Finding YC Startups to Critique with Vector NLP and a Critique of Atopile

Nov 28th 2024

Intro

Over the past year or so I've been trying to start a "business". While looking for a problem that my business can solve, I came across a quote by Paul Graham in his essay, "How to Get Startup Ideas":

The way to get startup ideas is not to try to think of startup ideas. It's to look for problems, preferably problems you have yourself. The very best startup ideas tend to have three things in common: [A] they're something the founders themselves want, [B] that they themselves can build, [C] and that few others realize are worth doing

My problem is that I feel like I don't have any problems that are solvable by a startup that meet points A and C. All of the problems I deeply care about are systemic issues. Global warming, housing crisis (I live in Vancouver), rampant capitalism, etc etc, are all issues that I would love to have solved, but they require far more than my input, and are themselves difficult ways to make money, or at the very least they are a very roundabout way of "starting a business".

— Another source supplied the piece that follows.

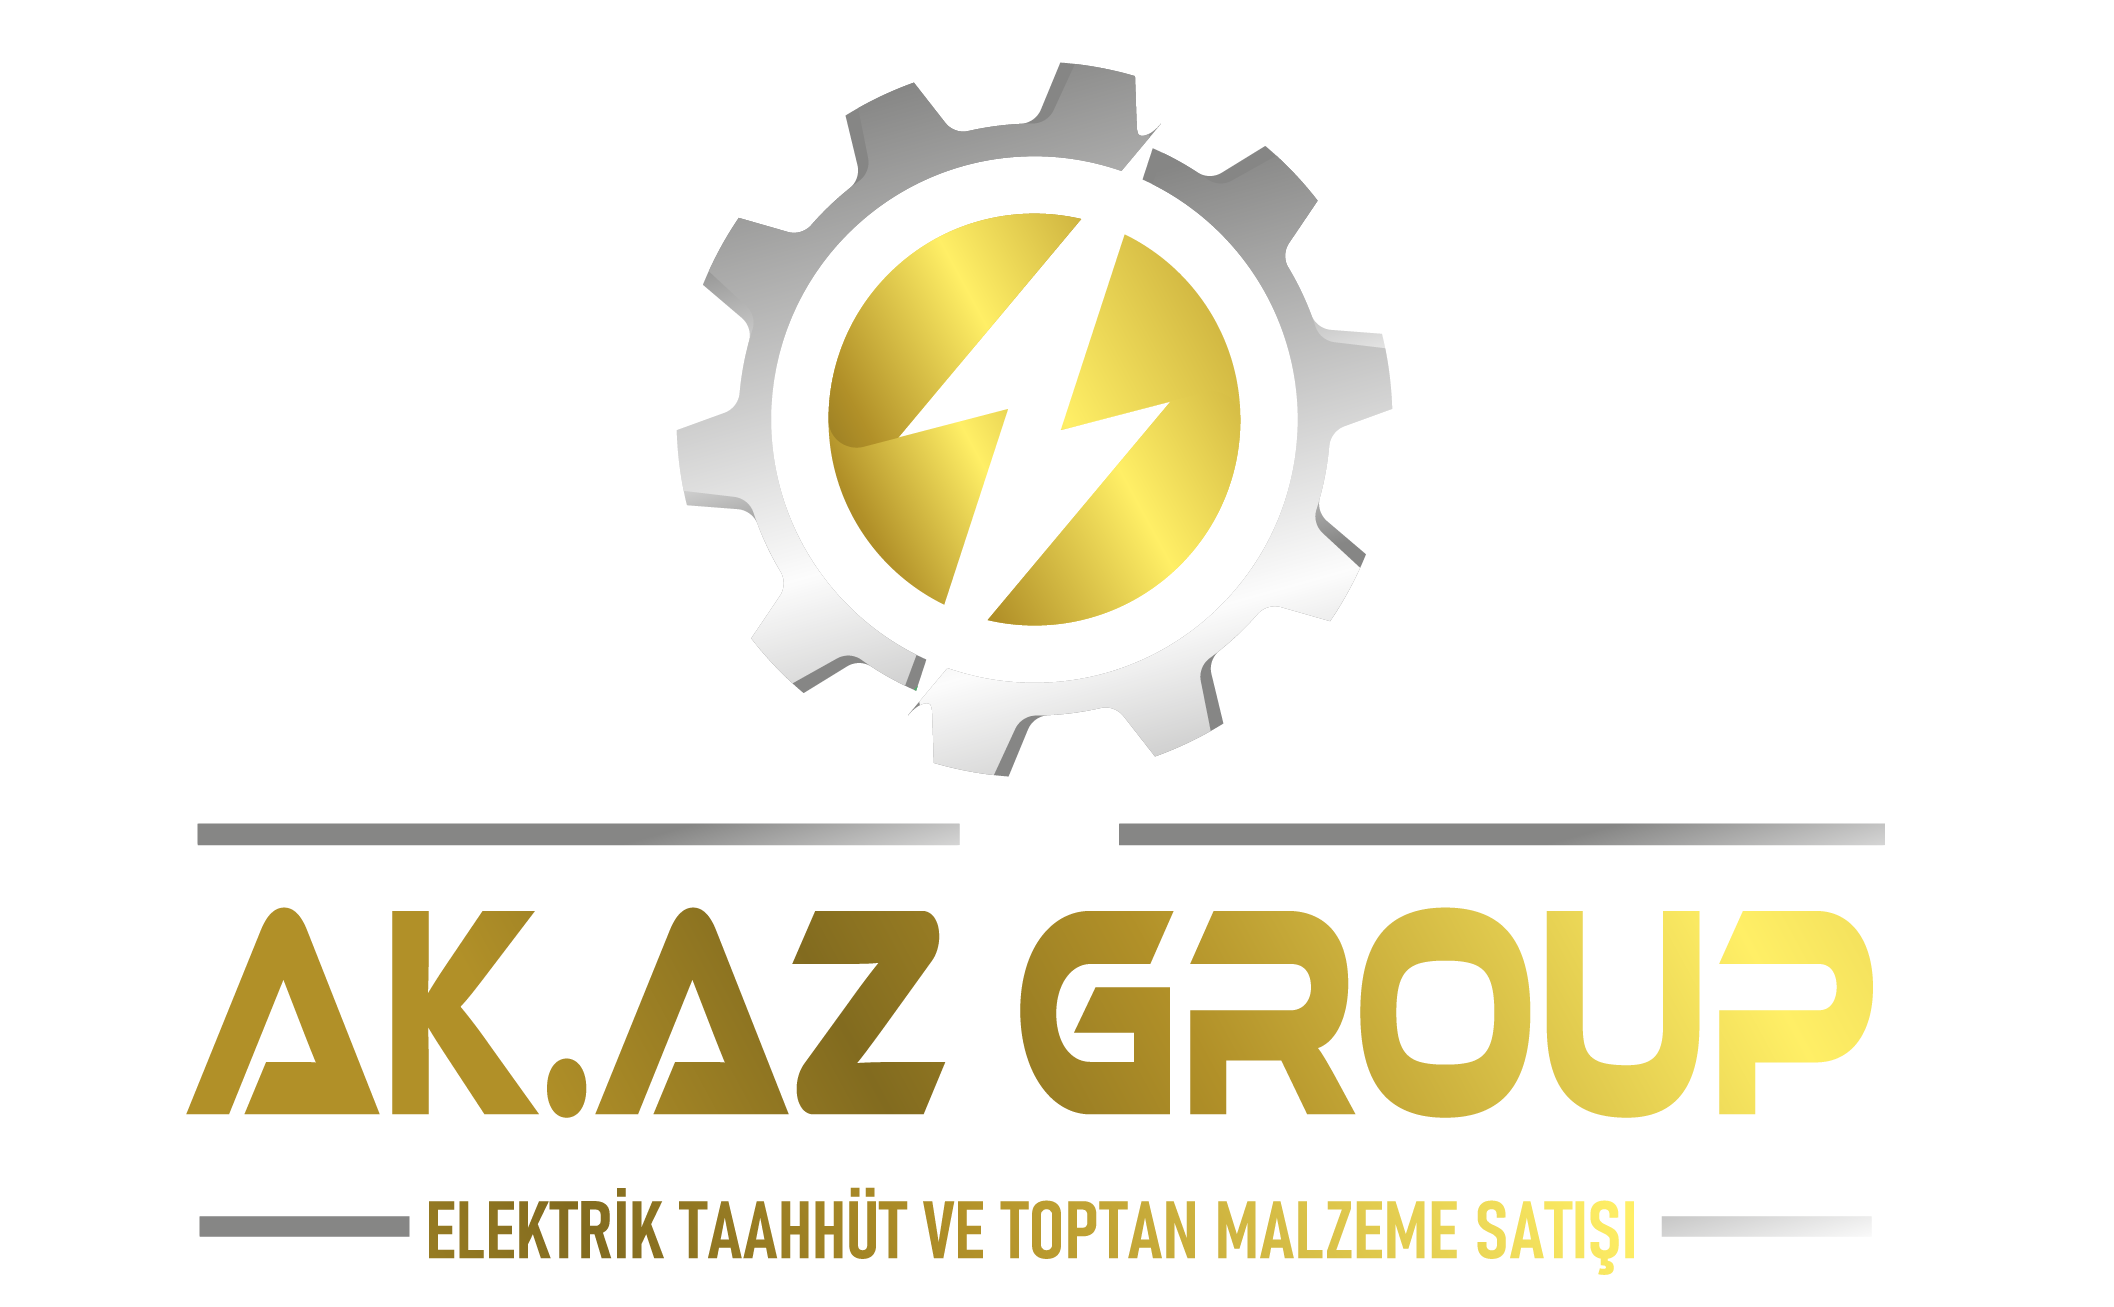 Akaz Group | Elektrik Taahhüt ve Toptan Malzeme Satışı

Another angle on this is the following insight I have. I'm a deeply technical person. I've only worked at engineering companies with peers that I would describe as very capable, well educated, confident, hardworking, and generally wanting to solve problems, a.k.a. I got very lucky and have only worked at dream companies. This means that, God forbid, there is a "problem" at my workplace, there is a dozen or so engineers just waiting around to fix the issue, or design a solution. If we had a problem and we needed a solution, why should we go use some startup's services? That takes time, the solution might not exactly fit what we need, it won't integrate as well, it's probably going to be expensive and have opaque pricing hidden behind a "contact us" button. Why wouldn't we just fix it ourselves?

So ironically, deeply technical people might not be exposed to those ripe "problems" that Paul is talking about because the problems they have in their local network are already solved. For me, that leaves me with the final problem I have, it's the fact that my job exists! If I could automate it I would.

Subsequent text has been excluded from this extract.